International Journal of Computer Applications |
Foundation of Computer Science (FCS), NY, USA |
Volume 151 - Number 7 |
Year of Publication: 2016 |
Authors: Sita Rani, O. P. Gupta |
10.5120/ijca2016911779 |
Sita Rani, O. P. Gupta . Empirical Analysis and Performance Evaluation of various GPU Implementations of Protein BLAST. International Journal of Computer Applications. 151, 7 ( Oct 2016), 22-27. DOI=10.5120/ijca2016911779
Bioinformatics applications are compute and data intensive by nature. As the size of molecular databases is growing from day to day experiments performed in the field of molecular biology, thoughtful steps need to be taken to exploit various methods to accelerate bioinformatics applications. Many efforts have already been put in the field to optimize most of the bioinformatics algorithms. By incorporating Graphical Processing Units (GPUs), many bioinformatics applications have benefited hugely. Compute Unified Device Architecture (CUDA) is a hardware and software platform, used to exploit multi-threaded architecture of GPUs. Basic Local Alignment Search Tool (BLAST) is one of the most frequently used algorithms for bioinformatics applications. Different GPU implementations of protein BLAST have already been proposed by different authors. For each implementation, the authors claimed different speedups.
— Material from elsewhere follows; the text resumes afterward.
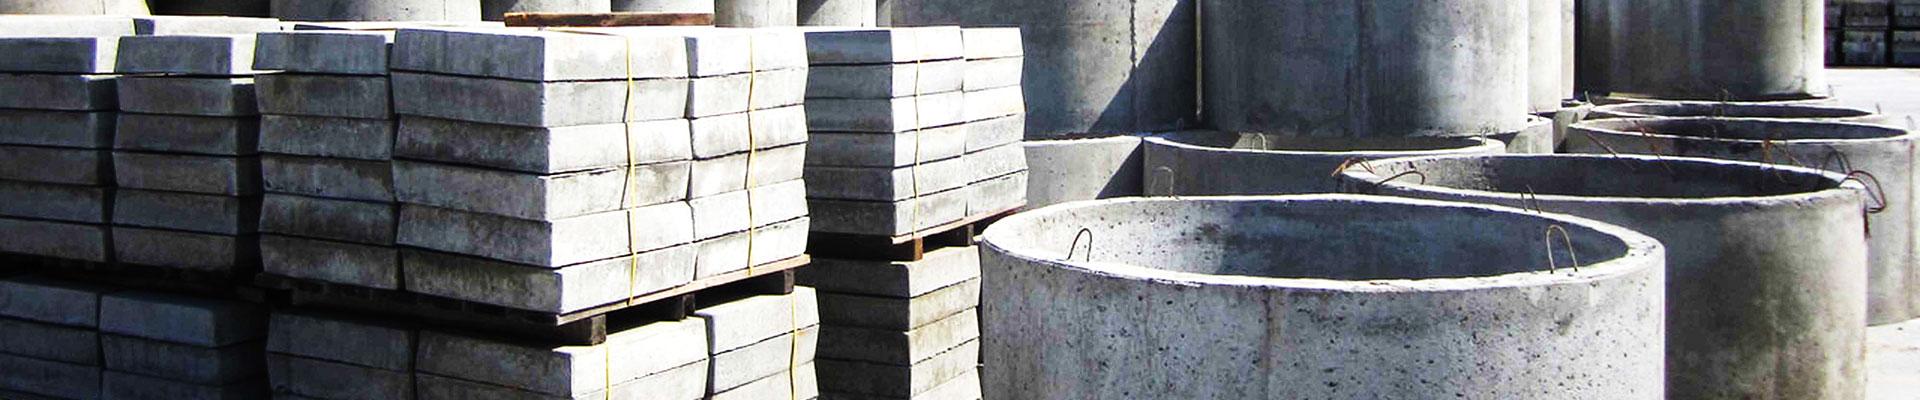 Купить бетон волгоградская область ту фибробетон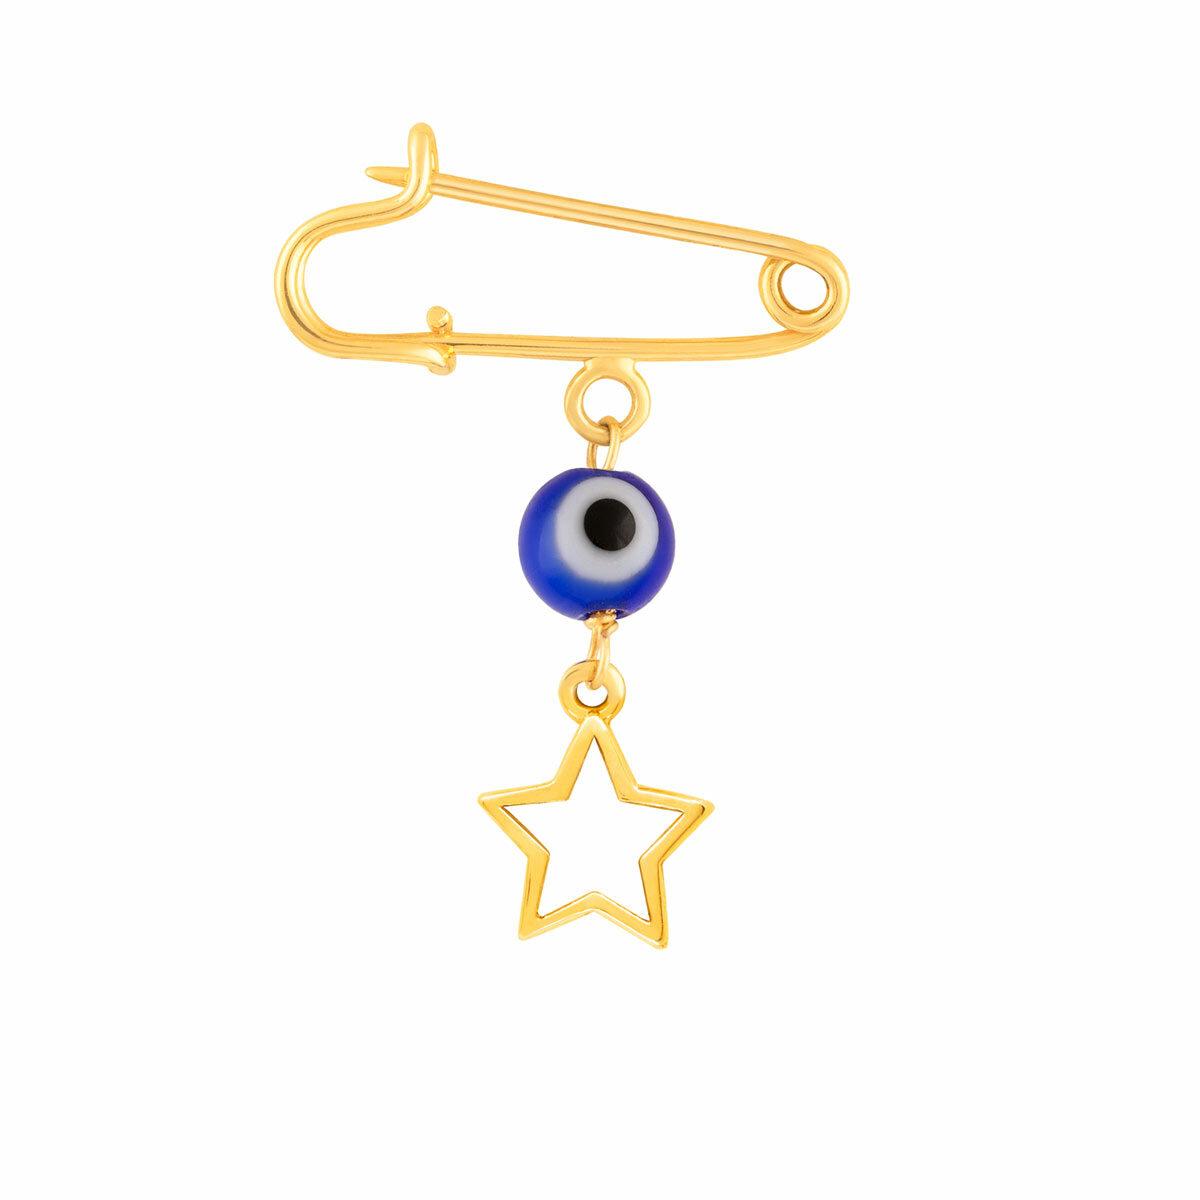 سنجاق سینه طلا بچه گانه ستاره توخالی

But these implementations are on different hardware platforms and also were experimented with different databases, so it’s difficult to compare their performance accurately. In this paper four different GPU implementations of protein BLAST are explored in detail. To compare their performance, these GPU versions of BLAST are implemented on a common hardware platform, i.e. NVIDIA M2050 GPU with 448 processing cores, 3GB of memory and two hex-core Intel, Xeon 2.93 GHz processors. Experiments are performed on 2.38 GB protein database. Performance is analyzed and compared with standard NCBI-BLASTP. Parameter considered for performance analysis and comparison is the execution time. In the current environment speedup obtained by different implementations varied from 2.3X to 9.8X.